A large hand smacked him in the face before he could. Then a solid punch, and he went down. He screamed for help in Spanish, which made the crowd rabid. Someone lunged at me, and I scrambled up the stairwell, kicking back at the hands trying to grab my legs. I slapped a hydraulic button to lock the doors. The mob threw the Mexican up against them.

“Habre la puerta!”
he screamed.
“Dios mío, habre la puerta!”

The man pounded his fists against the glass doors. His face was bloodied and bruised. There was a short moment where the crowd outside sounded worn out. Inside the bus was screaming, shouts of
“Sácanos de aqui!”

I started up the bus, hoping the roar of the engine would scare the crowd outside into thinking I might barrel into them and back off. Instead, they threw the Mexican back into the doors, his face a bruised sunset, then down onto the sidewalk with an audible
crack.

It's a violation of Metro policy to leave the scene of an accident. But I had the safety of my passengers to consider. Nobody mentions that, by driving away, I saved those other Mexicans' lives. In the rearview, the silhouettes chasing us receded, swallowed into the dark.

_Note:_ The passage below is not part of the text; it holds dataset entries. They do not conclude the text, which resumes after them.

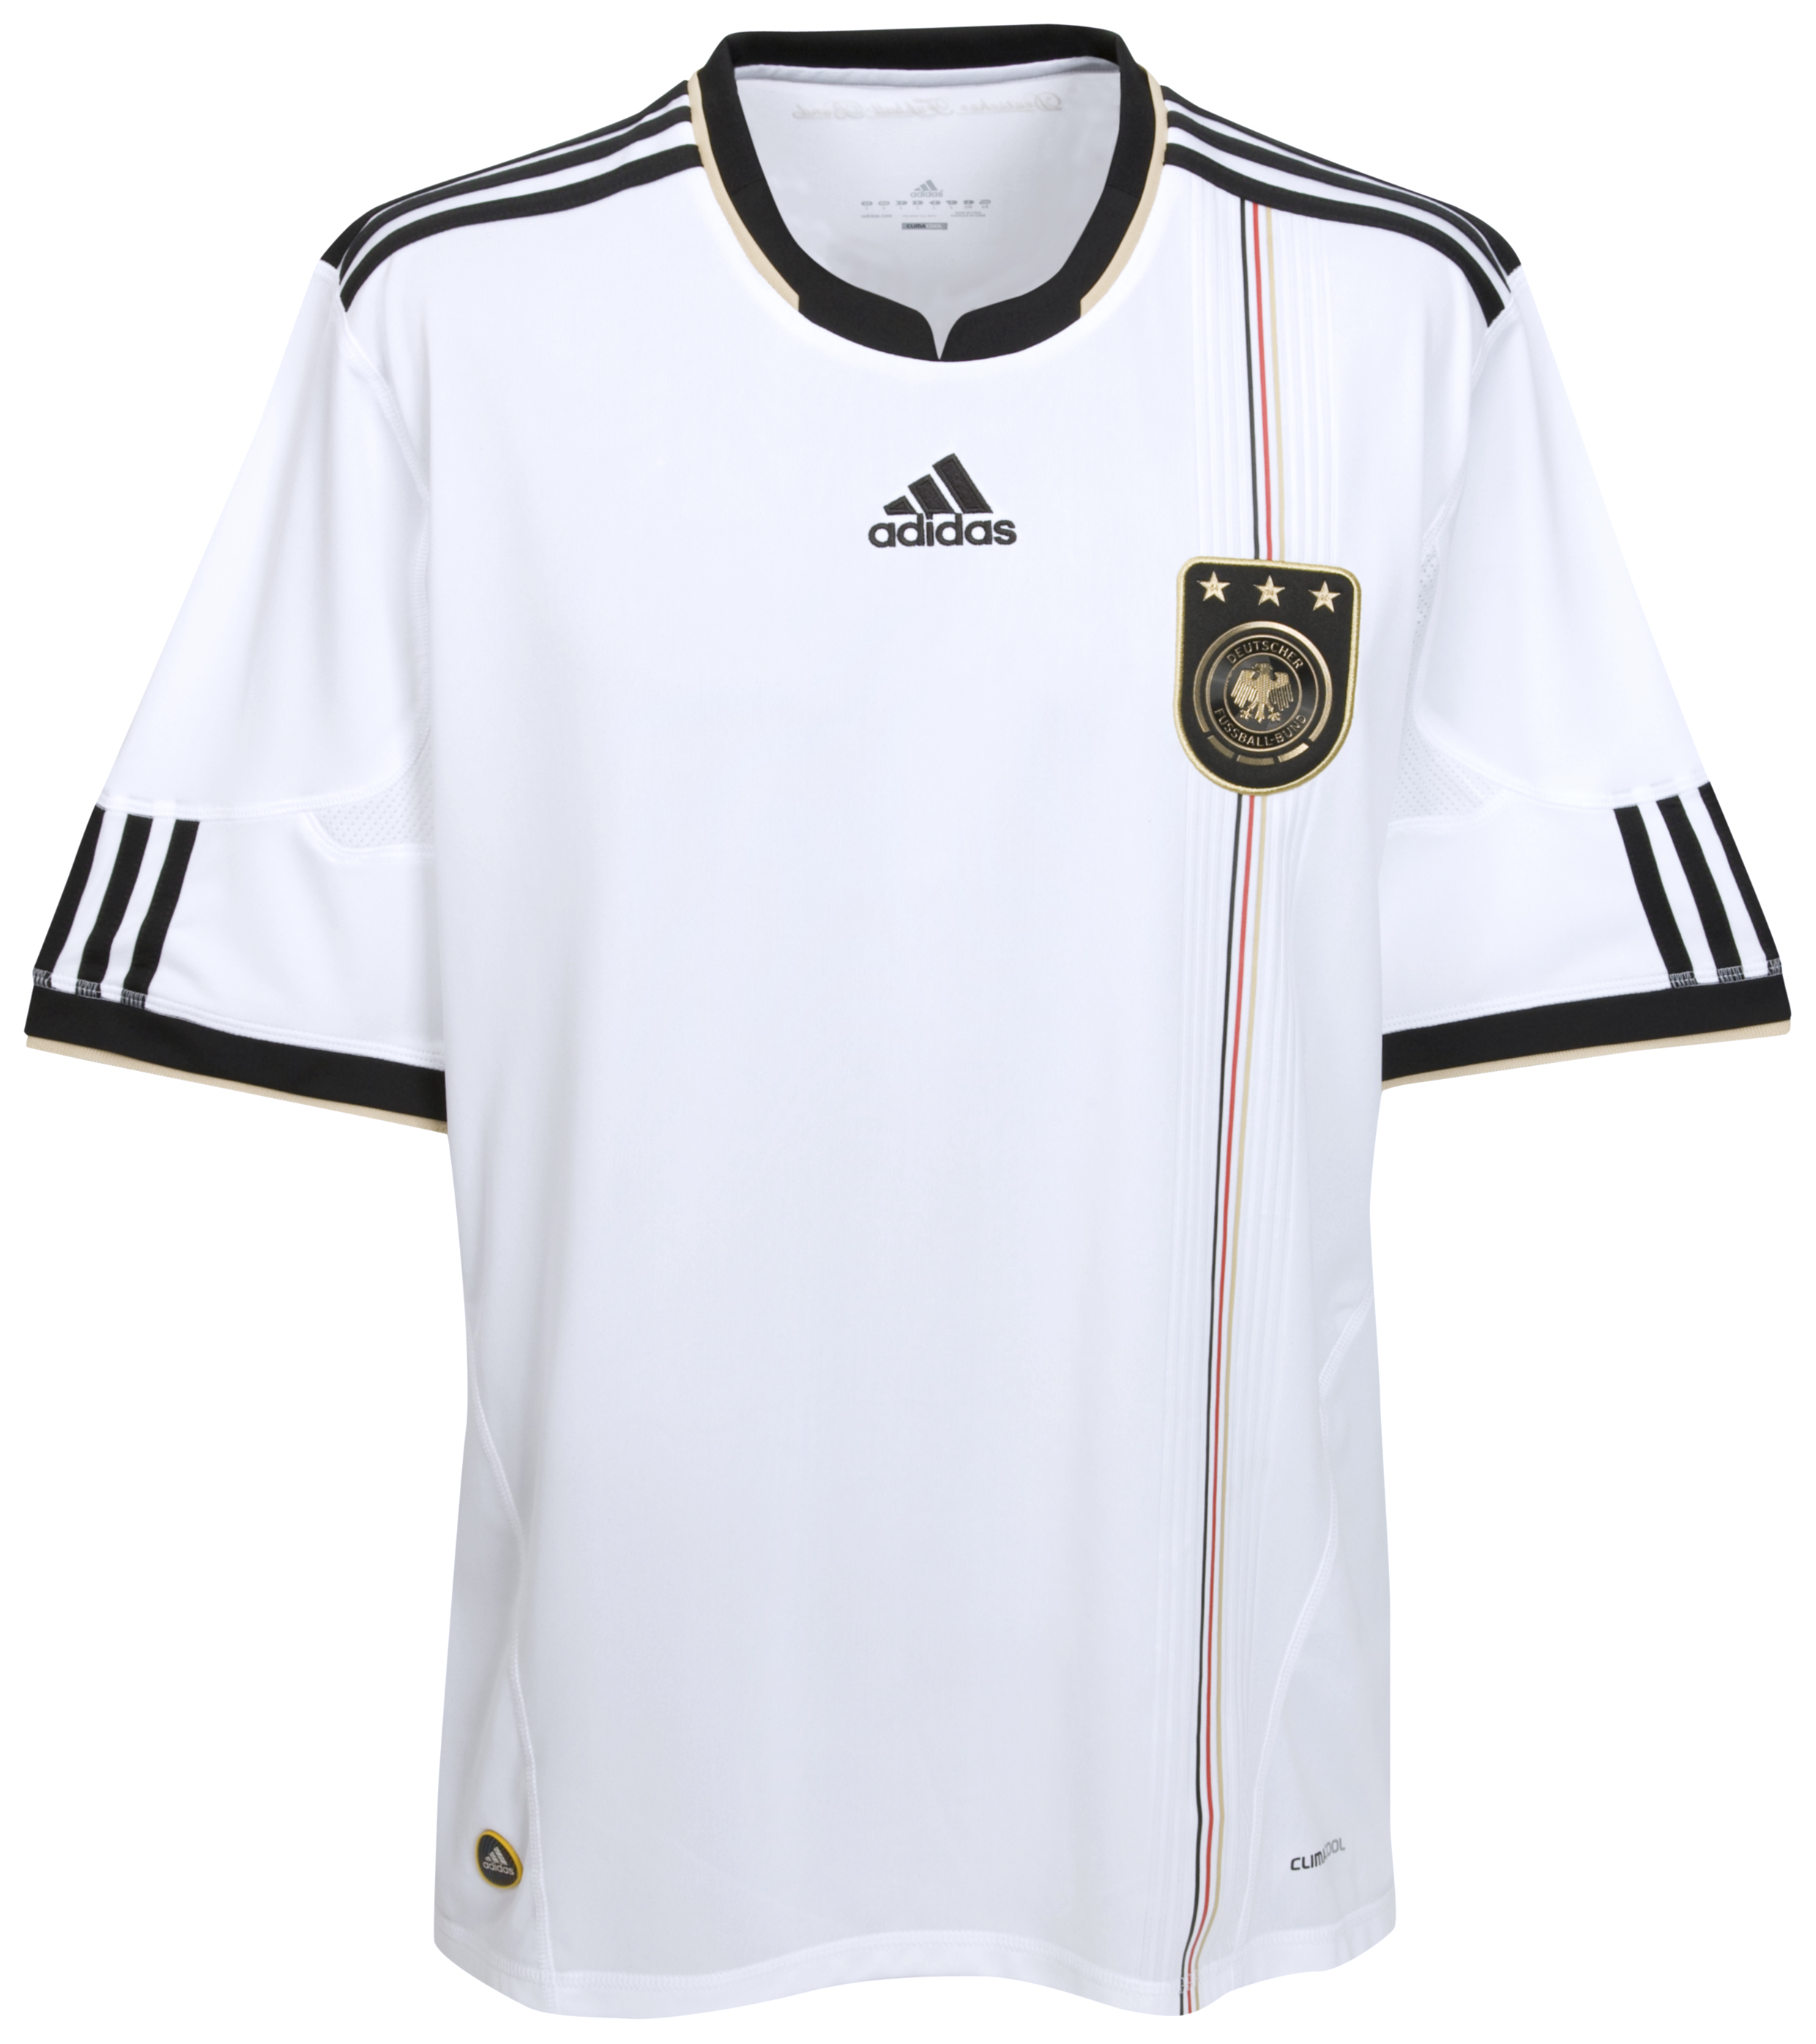 ملابس المنتخبات لكأس العالم (2010 Cfc-63741
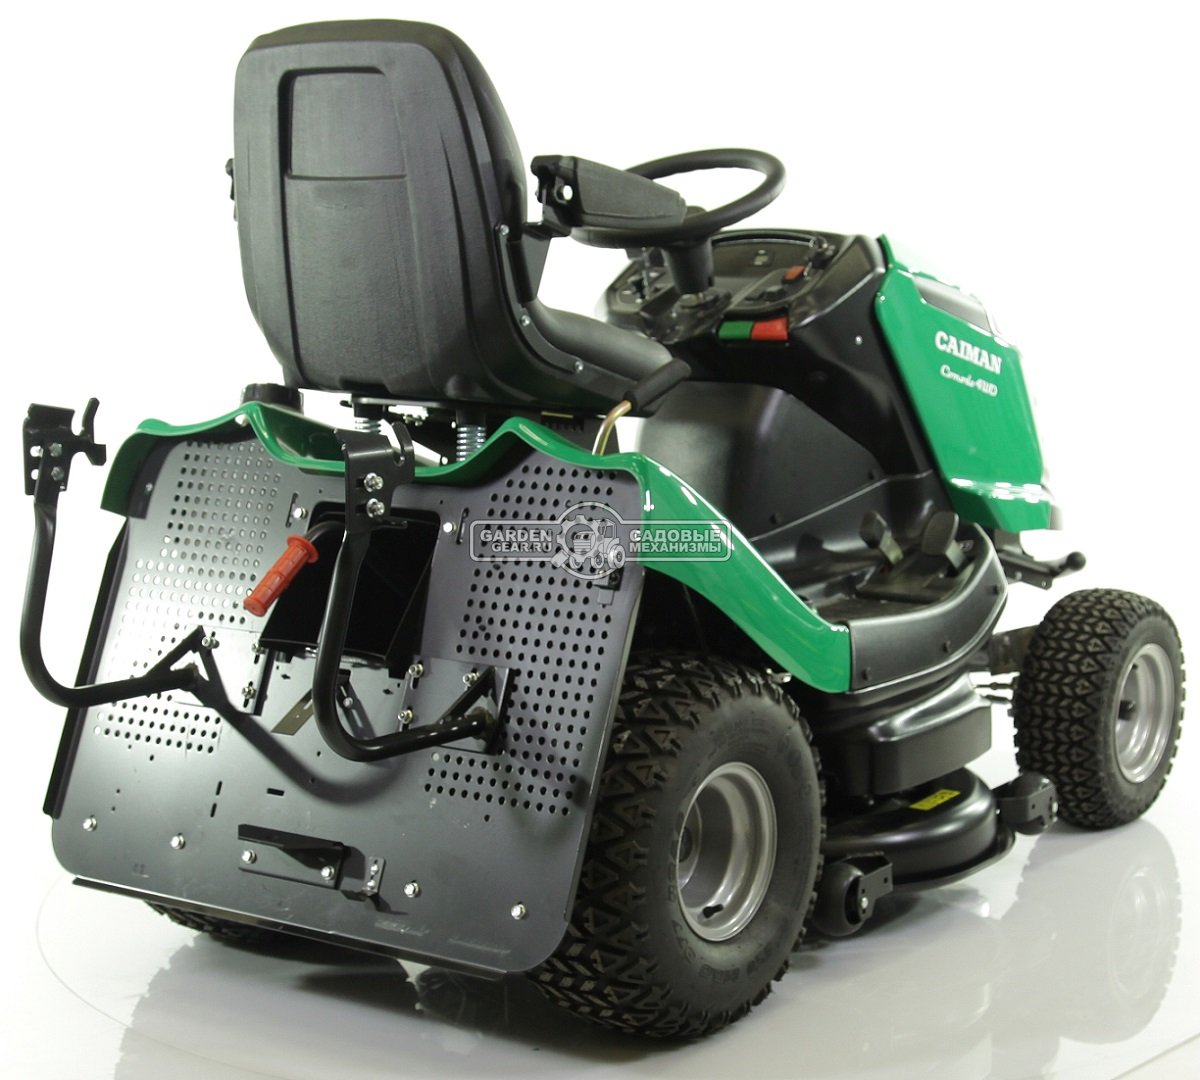 Садовый трактор Caiman Comodo 4WD (CZE, Kawasaki FS600V, 603 куб.см, гидростатика, дифференциал, травосборник 380 л., ширина кошения 102 см., 329 кг.)
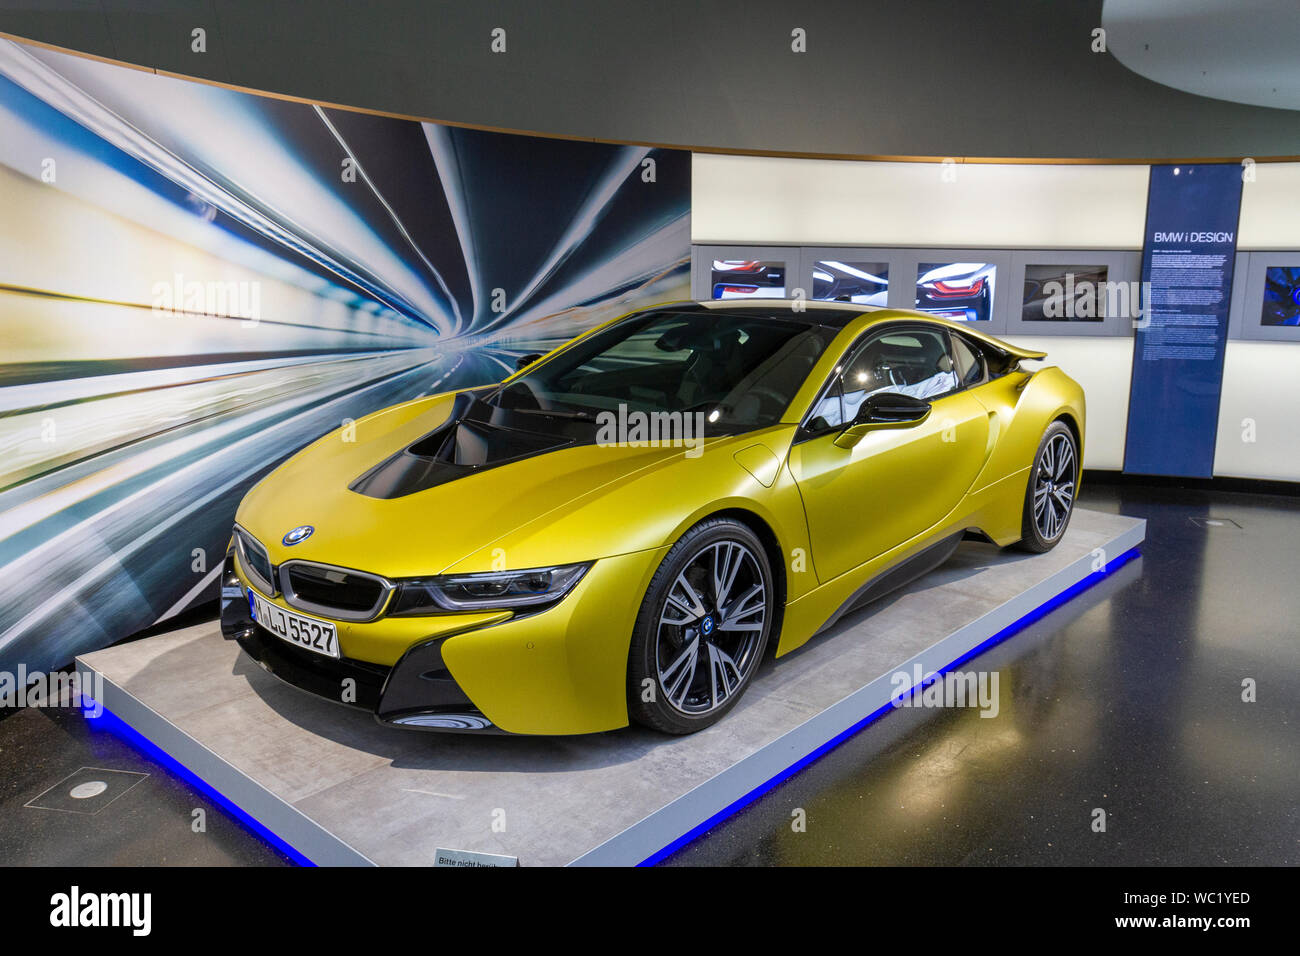 Una BMW i8 protonico giallo congelati Edition ibrido plug-in auto sportive in mostra al Museo BMW Monaco di Baviera, Germania. Foto Stock
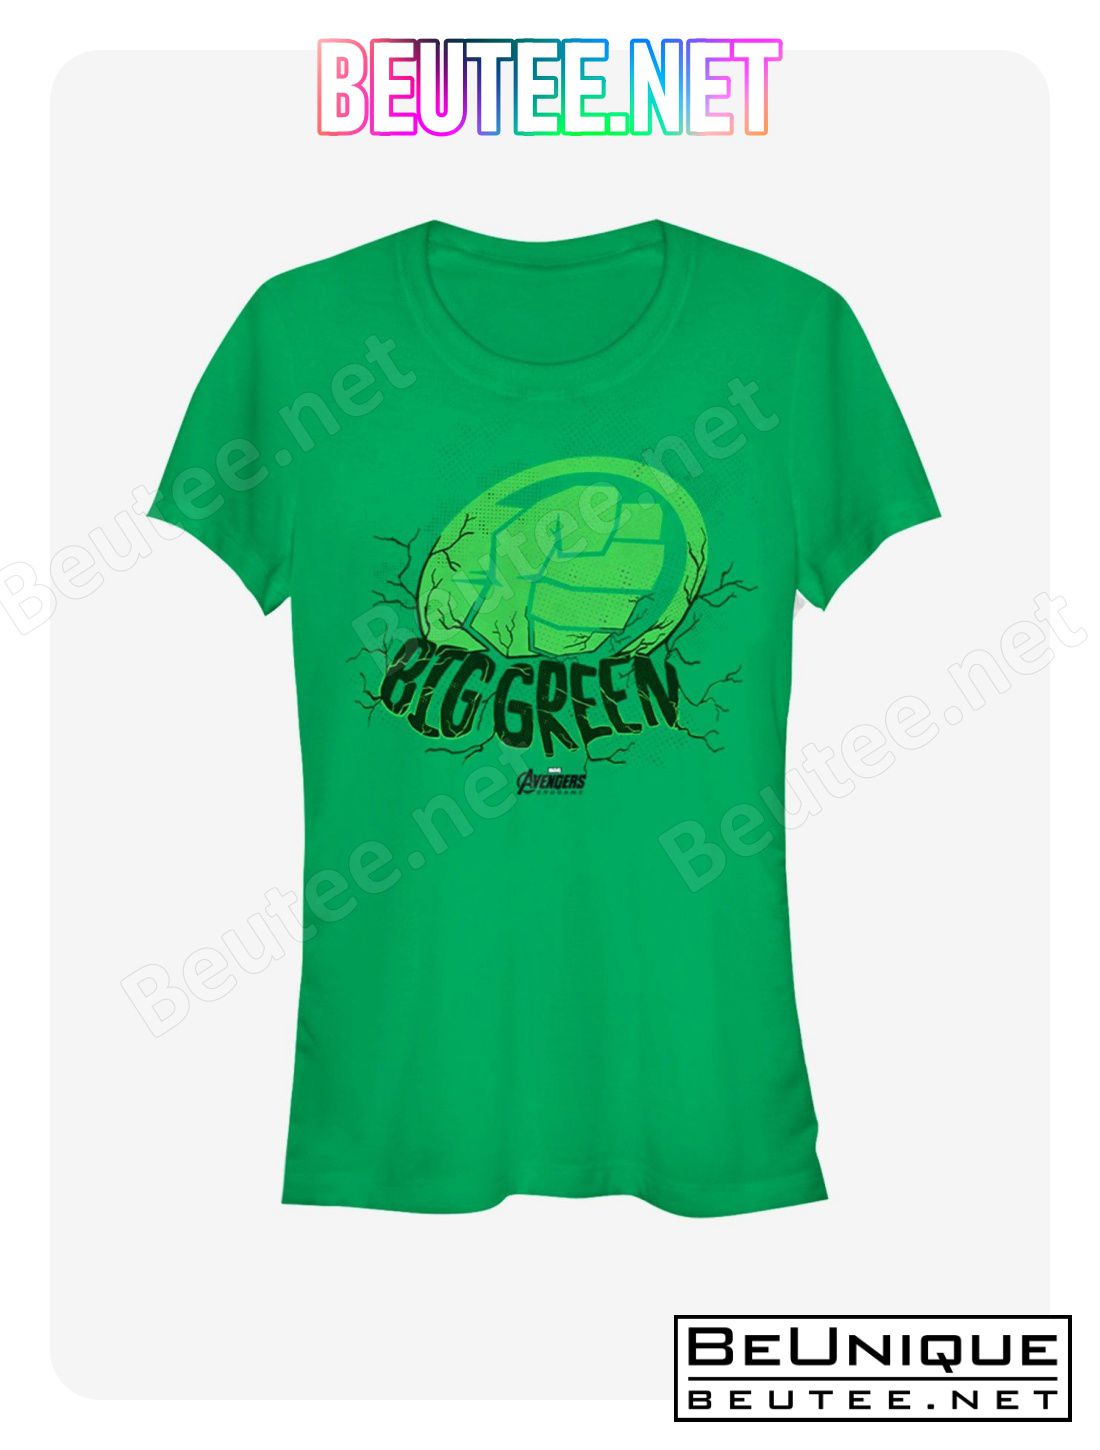 Marvel Avengers Endgame Big Green Girls Kelly Green T-Shirt

I switched the lighted marquee to
OUT OF SERVICE
—
HAVE A NICE DAY
! and sped down Hoover, missing all the stops. On the corner of Hoover and Jefferson, I pulled over at a Denny's, radioed dispatch my new location, and opened the passenger doors.

Everything I did up to this point, I think you'd agree, a reasonable man would have done the same way. The Mexican who started the fight ran off. A few others followed him. I told everyone to wait either inside the restaurant or across the street on the USC campus.

I was shaken and wanted to clear my head, grab a bite to eat, some coffee maybe, something to settle me down. With no police car in sight, I drove east, then north, up Figueroa back to my division yard, off Mission Road, in Boyle Heights, behind the 5/10 interchange. At the corner of Figueroa and the point where César Chávez turns into Sunset Boulevard (the one spot in Los Angeles where a Mexican name changes into an American one), instead of turning right down Chávez to the yard, I turned left on Sunset and kept driving.

Why? I don't know. There are specific rules that cover off-route trips, but I couldn't recall what they were. I'd never seen the streets that deserted before. The city lights shimmered like a pinwheel on a child's grave, hard, gray beams cut up and spun in a dozen fingered directions. In front of me was this long straight line of blue-green diamond streetlights stretching out in a fluid purple blackness, like blood in an artery. And a silence to rival any national park, any mountainous abyss, a silence you'd think impossible in a city of millions.